Подойдя к управляющему терминалу главного компьютера, Радован Штилье произвел какие-то малопонятные мне манипуляции.

— Ну вот, — сказал он, закончив и хитро улыбаясь, — оставим чужим небольшой подарочек. Надеюсь, часа нам хватит.

— Хватит — на что? — не выдержал я, — и где, кстати говоря, все люди? Где администрация?

— Терпение, мой друг, терпение, — проворковал Штилье, всем своим видом демонстрируя душевный подъем, какой бывает от снятия колоссального морального напряжения, — идемте за мной и скоро все поймете.

И вновь я нехотя потащился по коридорам административного корпуса. И снова Радован Штилье сделал одну остановку — в этот раз перед дверью с эмблемой мужского туалета. Достал приборчик с экраном и планом, посмотрел, словно удостоверяясь, и жестом указал мне на дверь.

— Нет, я не хочу, — отмахнулся я, — если вам невтерпеж…

— Игорь, вы меня разочаровываете, — сказал астрофизик невозмутимо, — «невтерпеж» тут не при чем. Я же сказал, если хотите выбраться и получить ответы на свои вопросы…

— … будьте добры сделать все, что требуется, — воспроизвел я по памяти, — не думал, что в это «все» входит пользование туалетом.

— Пользоваться не обязательно, — уточнил Штилье, — вы, главное, зайдите.

И он гостеприимно распахнул передо мной дверь. За ней, как я и ожидал, находился обычный, вернее, стандартный, туалет. Его единственной, нарушающей стандарт, чертой было большое, высотой в человеческий рост, зеркало.

— Ничего не понимаю, — пробормотал я, оглядываясь.
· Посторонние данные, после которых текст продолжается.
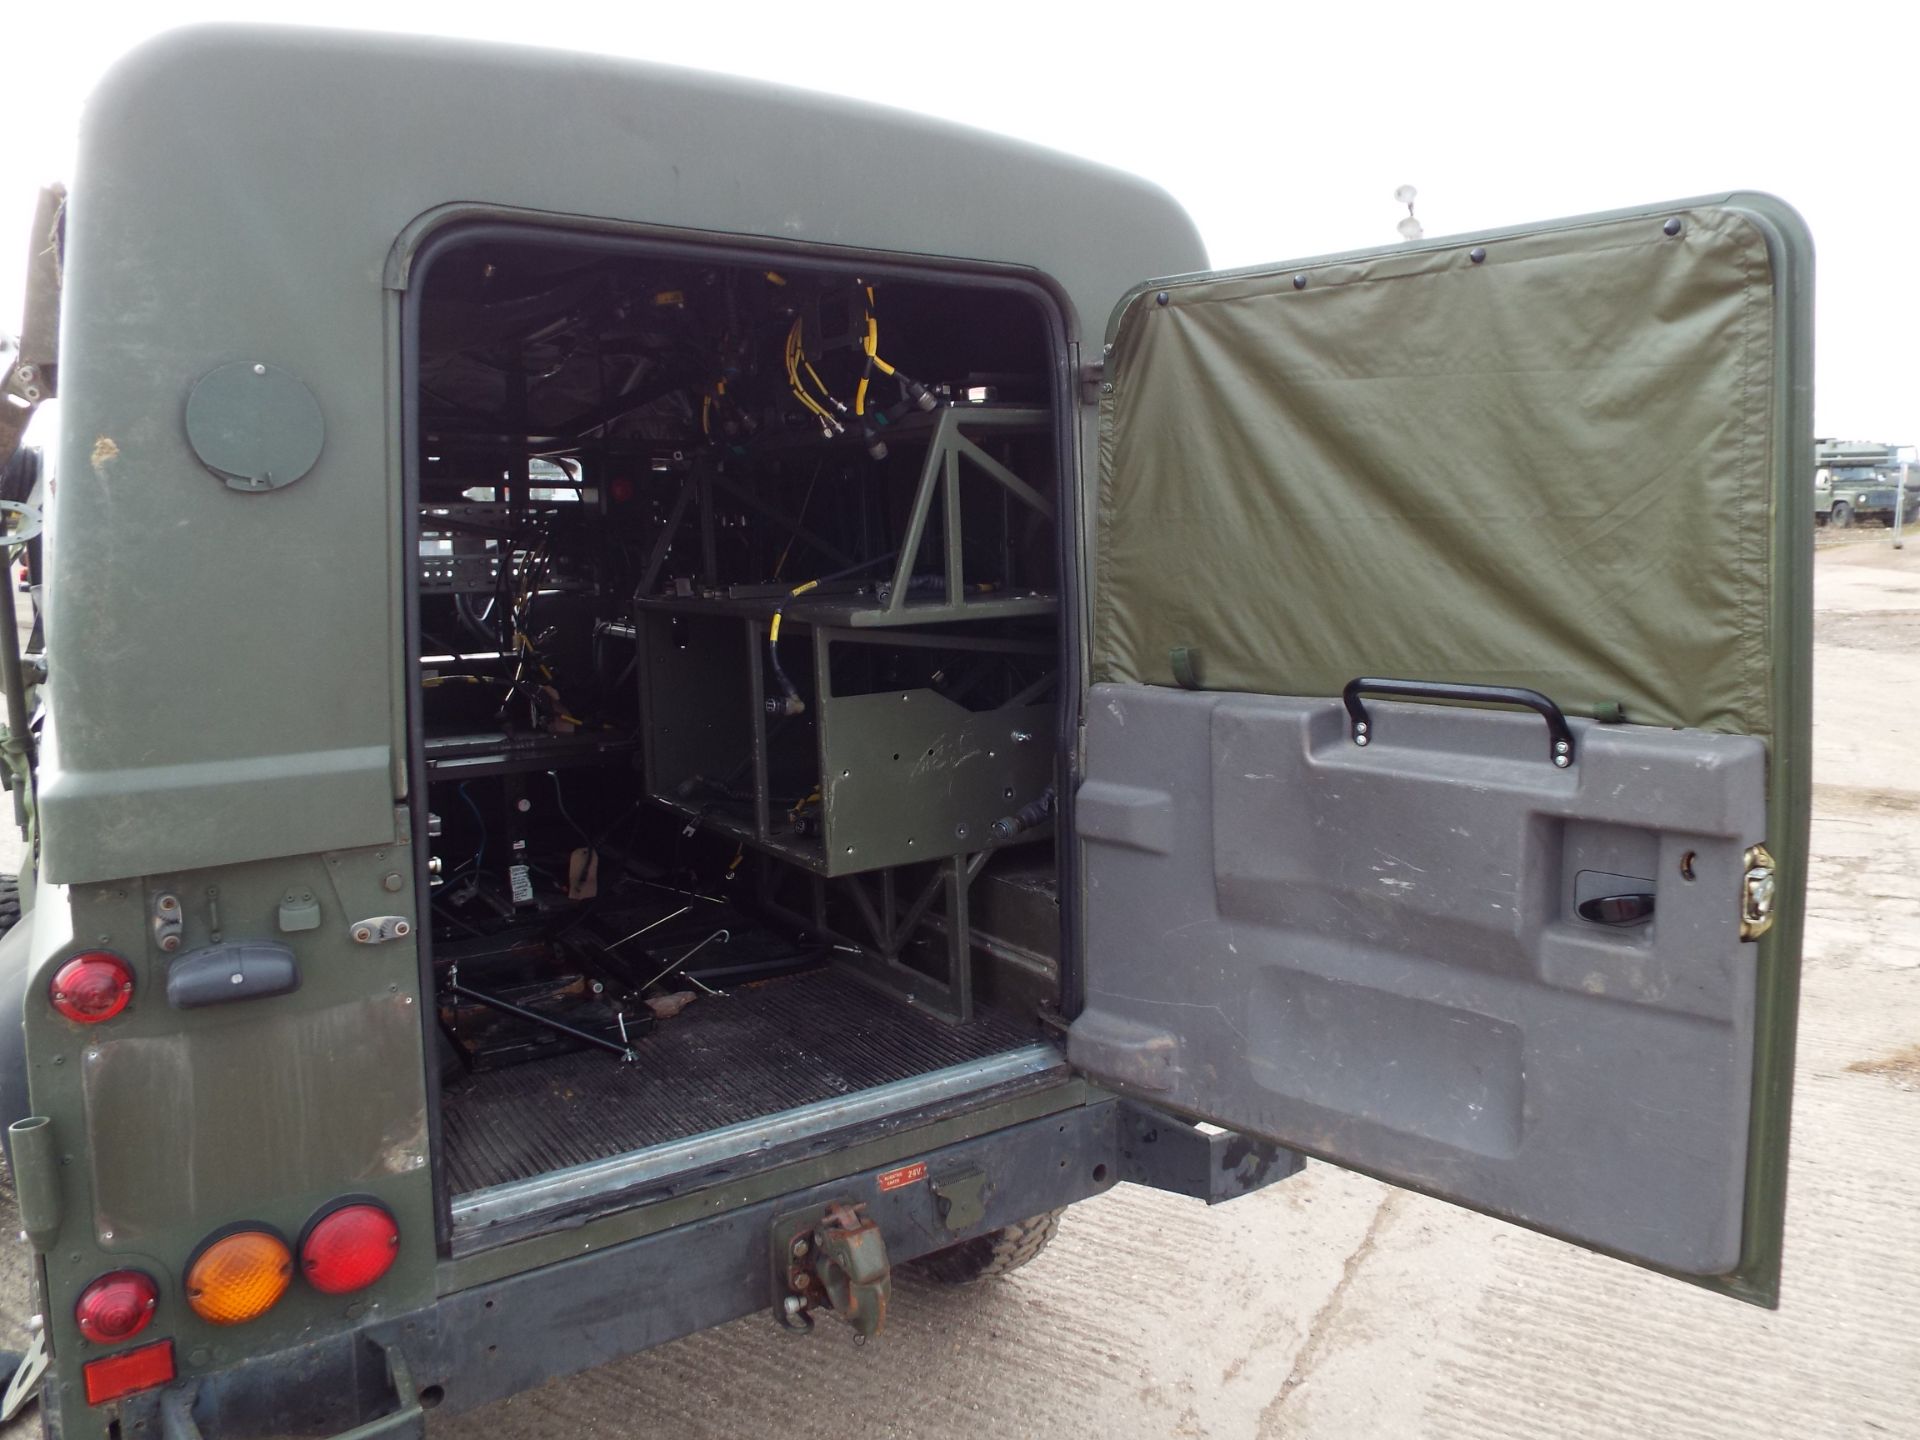 Military Specification Land Rover Wolf 110 Hard Top - Image 16 of 25

— Может, вот так вы поймете? — Радован Штилье подошел к зеркалу и ткнул его пальцем. Идеально гладкая поверхность исказилась, по ней пошли круги, как по воде от брошенного камня.

— Что это? — спросил я, испуганно глядя на этот оптико-геометрический фокус.
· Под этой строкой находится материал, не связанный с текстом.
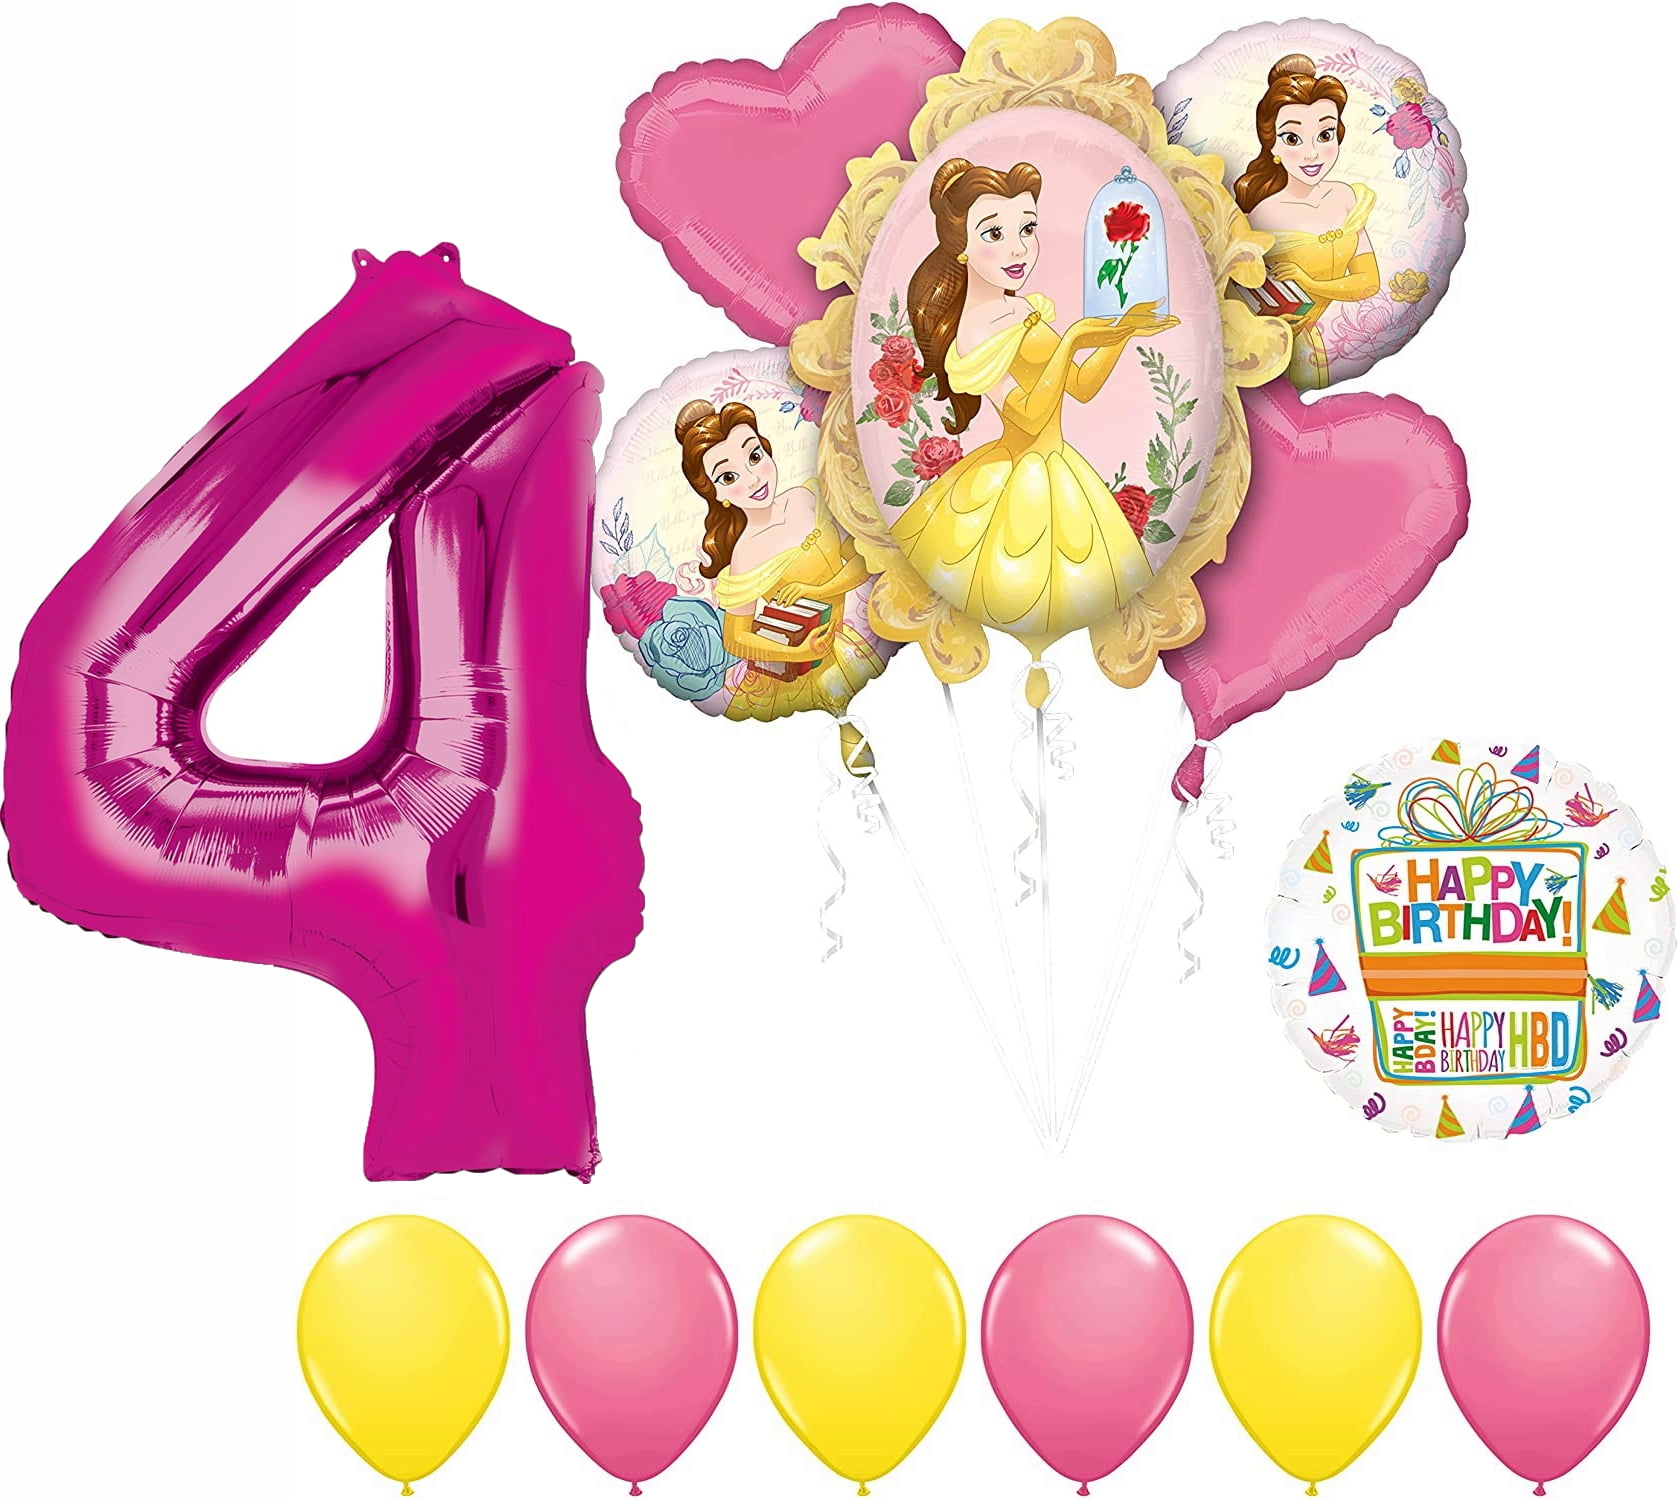 Beauty and Beast Party Supply and Balloon Bundle

— Шанс, Игорь, шанс. Наш с вами последний шанс. Просто подойдите к зеркалу вплотную.

— Может, сначала вы? — предложил я, с опаской разглядывая так называемое «зеркало».

— Приятно видеть воспитанного молодого человека, — сказал доктор Штилье, — старшего решили пропустить. Но, увы, случай неподходящий. На той стороне приказ — отключить установку, как только через нее пройду я. Она и так извела нимало энергии.

— Ладно, — с этим, пусть не однозначным, но выражающим согласие, словом и, набрав воздуха в грудь, я прислонился к зеркалу. Вернее, думал, что прислонился, однако характерной для стекла твердости и прохлады не почувствовал. Вместо нее я ощутил тягучую полужидкую массу, которая объяла меня со всех сторон, затопила глаза, протекла в уши и рот…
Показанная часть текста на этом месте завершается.